/ 26 August 2015

‘So white you’ve got to wear shades’

'so White You've Got To Wear Shades'

George Hull Philosophy’s principal charm lies in its ability to do so much with so little. 

This seduced me as an undergraduate, when I read WVO Quine’s argument for the startling claim that the meanings of words are, in principle, just as revisable as theoretical propositions in the face of empirical evidence.  

In 1951 Quine’s argument stood the philosophy of language on its head. Yet it did so using no technical methodology to speak of: only the same techniques of counterexample and contradiction-spotting we use to deflate friends’ more  sweeping generalisations in everyday life. 

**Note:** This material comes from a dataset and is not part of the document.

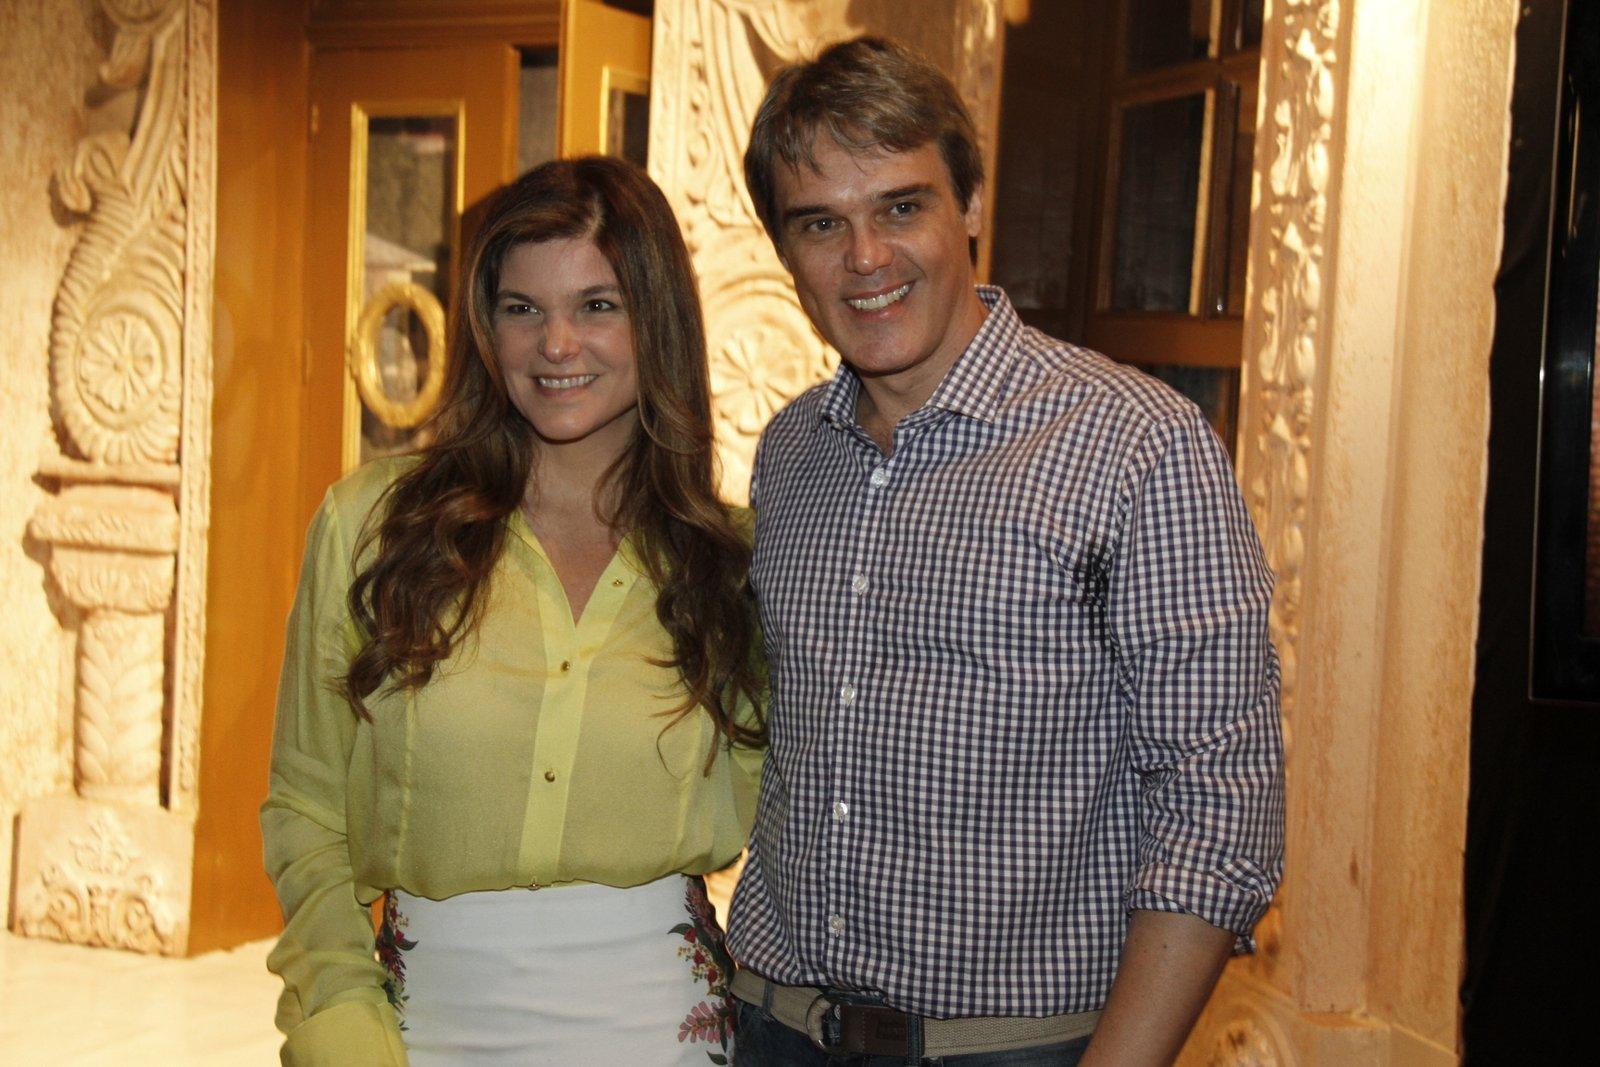 Cristiana Oliveira e Dalton Vigh

Philosophy’s combination of economy and power is addictive. It can breed an impatience — even dismissiveness — when topics are not yet delineated precisely enough for this type of argument to get purchase. 

Philosophy third-years the world over make themselves unpopular by pouncing on people for saying “refute” when they mean “rebut”, or by pillorying minor inconsistencies in someone’s first thoughts on an issue of the day. 

It would be a great shame if the philosophy third-year who lives on under the skin of every academic philosopher were to make us appear defensive or dismissive in the face of calls for transformation. 

As the Canadian philosopher Charles Taylor has noted, philosophy (especially in the “analytic” ­tradition) tends to “neglect questions of articulation”, preferring to construct its arguments using “already  established formulations”.  

If we can only resist our professional deformation and take part in articulating transformation’s aims, we will recognise calls for the ­transformation of philosophy as an opportunity to improve  both our ­students’ experience and our discipline. 

Though the precise aims of transformation in the academy have yet to be specified to everyone’s satisfaction, there is widespread consensus on three broad goals.  

First, the remaining barriers to demographic representivity in ­student and staff bodies must be ­broken down.  

Second, where ­university curricula have unfairly excluded ­relevant, high-quality work by ­people from previously ­marginalised groups, or ignored issues of particular importance to South Africa or Africa, they need to be rethought.  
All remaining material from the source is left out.